The agent has been met, the price established and, before the ‘For Sale’ sign can be hammered into the newly exposed, spring-stink grass, the ‘home stager” must be met.  I consider myself lucky that part of the commission I shall be paying to sell this behemoth includes the services of said stager.  If not, I had contemplated, maybe, in investing in the services of one.  Because, you know, a different set of eyes and all that.

Well damn.   The doorbell rings and there stands Nathalie,  standing at five foot-nothing, wearing jeans and boots – “no, no, please”, I insist, “keep them on.  I didn’t wash the floor and I have a dog.  Would much rather you not end up with slippers for socks.”  She goes back to her car – very nice car, so business must be good – and gets her sneakers.  Hands me her coat and with a handshake that would make a 6’2″ man proud got down to business.

Not a stroll around the house to see what’s to be dealt with, first, oh no.  Immediately, she tells me to get a pad and pen so I can take notes.  Notes?  I ain’t got time to take notes!  My 5’9″ legs are practically having trouble keeping up with her!  She has walked into the dining room, after having passed through the living room.  Immediatelly told me to take down the two paintings (sorry, Richard, apparently Mick and I have no taste so your lovely works of art don’t belong there).  She made me take one from the dining room to placed in the living room.  Told me to remove the hooks and nails we were not using and kept on going.   And so it went.  “Remove this, store that.  Do you really need to keep that there?  Try to find an extension cord so you can move your water fountain.  Do you really need to plug it in?  Seriously room-temp water is better for you.  OK.  Remove all pictures of your family.  OK.. Take that picture and put it here.  Don’t forget to remove the nails.”  Takes notes?  I think not.

“Yes.  OK. That’s good.  No, this will NOT do.  I really don’t like those curtains.  Do you really need them?”

“Well, yes, I do, when the sun shines, I can’t see my computer screen.”

“Well, speaking of that.  Can you get rid of that other desk and move this one over there?  Can we move some of this stuff downstairs?

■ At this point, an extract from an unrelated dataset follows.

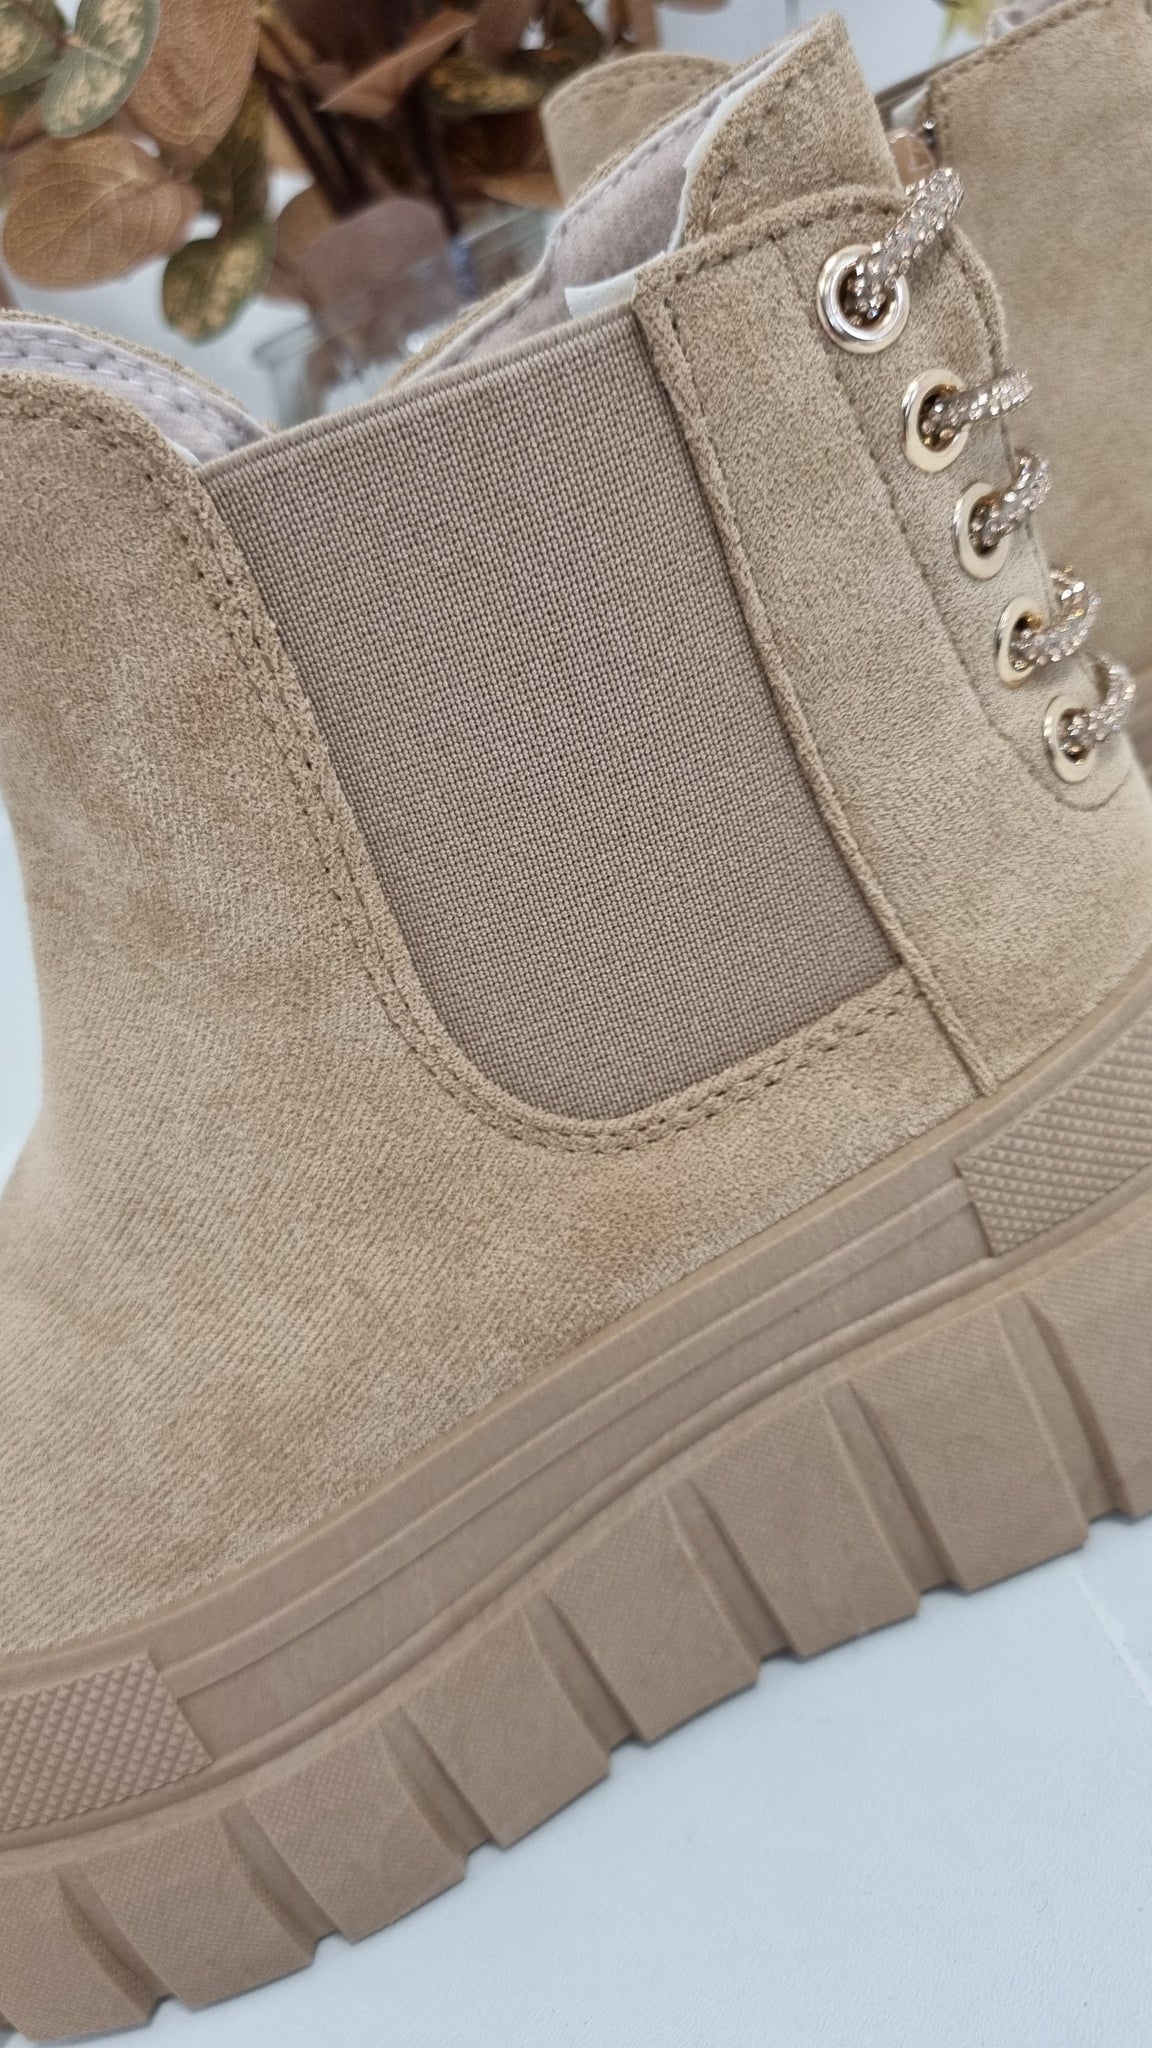 Kensington Chunky Cleated Sole Boot - Camel

It is so important to have access to the windows.  They must be free of stuff.  No?  Then remove this.  And put this over there.”

Fuck no!  Jesus… I am officially spinning.

“Let’s go upstairs, shall we?  Ok.  Let’s move this bureau and bring that plant over here.”  OK… this one, I gotta admit, I really like.  “And make sure you remove all that stuff from your nightstands.  And get a lamp for that one.  It’s too dark.  Move that picture over to centre it.  Why is it like that?  And make sure you clean up that bookcase.”

“Since I sold my son’s bed, I figured we should move his desk into the guest bedroom and bring that bed in here.  What do you think?”

“Yes, good idea.”

Woot!  I had a good idea….

And then we enter the eldest’s room.  “Ummm…”

“Don’t worry.  He knows all the stuff has to come down from the walls.  And he has to clean up the space.  It will be done.”

“Does he really need that desk?”

“I can’t say.  Will work on him for that one.”

Let’s go down into the basement, shall we?”

Huffing and puffing, I follow.

She comes down the stairs, looks at the new vinyl flooring on the one side.  “Before you even think of it. No.  That was a bitch to remove.  We are NOT removing this side.  I had it cleaned.  I know it still looks ‘meh’ but it will remain.  By the way, I figure we should bring this couch  back over and that table.”

“You don’t want to bring the TV back here?”

“No.  I don’t trust the kids to make another mess.”

She looks at me disapprovingly.  “I sill think….”

“No.”

“OK.  But still, remove those posters and maybe move that one over there.”

“OK.  I still find it odd that people want to see a house that appears totally unlived in.  That there isn’t a family here.  To me, it makes no sense that there wouldn’t be at lease one family picture.”

“Statistics have shown that, that’s what works.  So, Madame, my work here is done.  Good luck on the sale of your house.”

Another crushing handshake and she is gone.

Whew!  I sid down and try to get my bearings.  I am now tripping over my antique chairs that I bought to go with my antique table that I must now hide.  I am supposed to make my kitchen look like I never use it.  I must store all my artwork that was not considered “fitting” and box all family pictures, no matter how cute.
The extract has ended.